Let me preface all of this by saying that I do not regularly consume French news. My satellite dish is pointed to the Sky birds to get British TV, the primary reason being that if I am watching something for education or enjoyment, I don't want to get myself in a bother over minutiae of conjugation... and I rarely look at French online news sources these days because most have jumped on the "Allow our thirty thousand partners to track you, or pay us for your privacy" scam. As I said just a few days back, I have the wonderfully subversive option of just saying no. That, incidentally, is why I don't read The Guardian any more.

Anyway, the plot line is stupidly simple. It's early Spring, the grass is going to go "boing!" and be twice as tall from one day to the next, mower action needed. Quite a bit this time of year. So I put my 10 litre bright red plastic jerrican into the boot of my electric car and I go to work. I'll pick up some petrol on the way home.
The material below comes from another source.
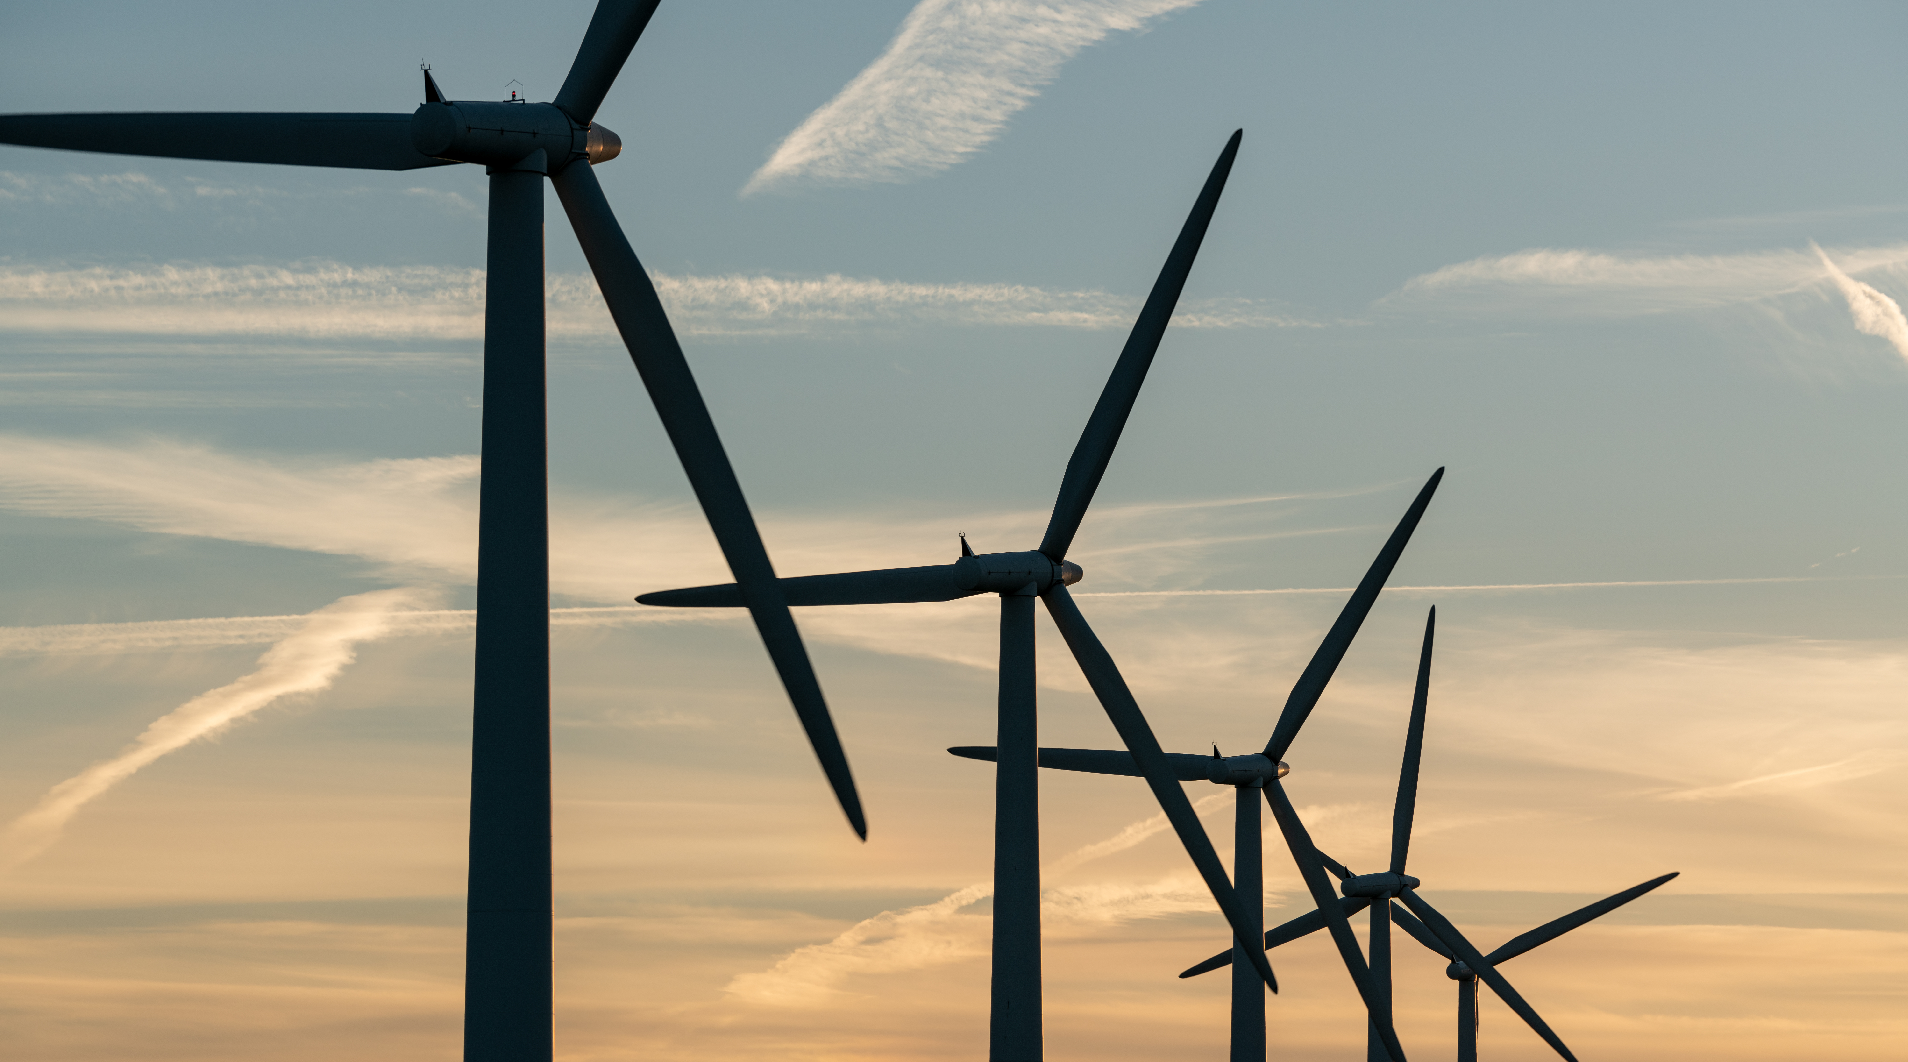 Le projet de parc éolien de la Haute-Chaudière verra le jour sur le territoire de la MRC du Granit  et permettra d'obtenir une puissance installée de 120 MW d'électricité de source éolienne. 
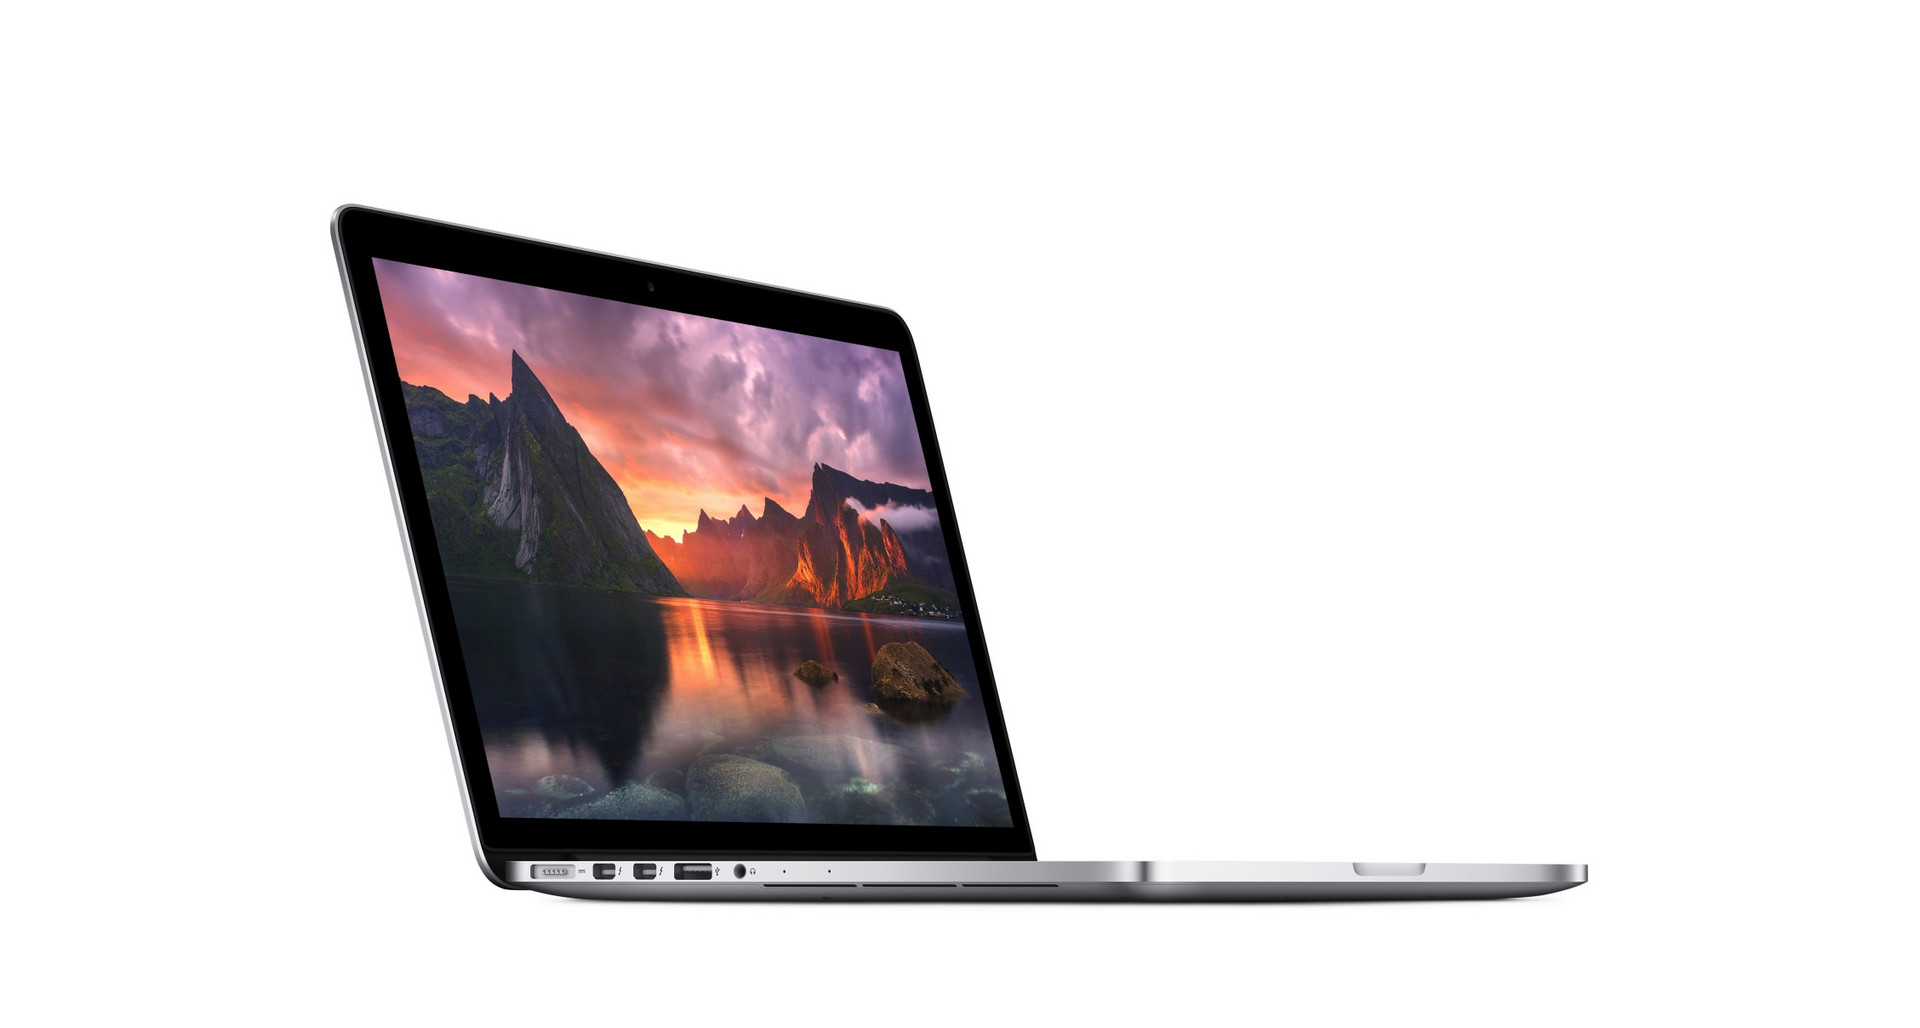 MacBook Pro 13インチ Mid 2014ノートPC

Now, this wouldn't be a blog article if I said I put my bank card into the machine, tapped in my PIN, put the nozzle into the can, and squirted in ten litres of the go-bang juice, would it?

It would, however, be a blog article if it looked like a dress rehearsal for a disaster movie. Pumps sectioned off with tape, an employee on the verge of tears trying to calmly explain that there's nothing left while being shouted at, blaming her, blaming the government, everybody lies... People are giving her the arm of honour, and more aimed in the direction of what I would assume is Paris.
I half expected a military helicopter to pass overhead and flares alongside the road.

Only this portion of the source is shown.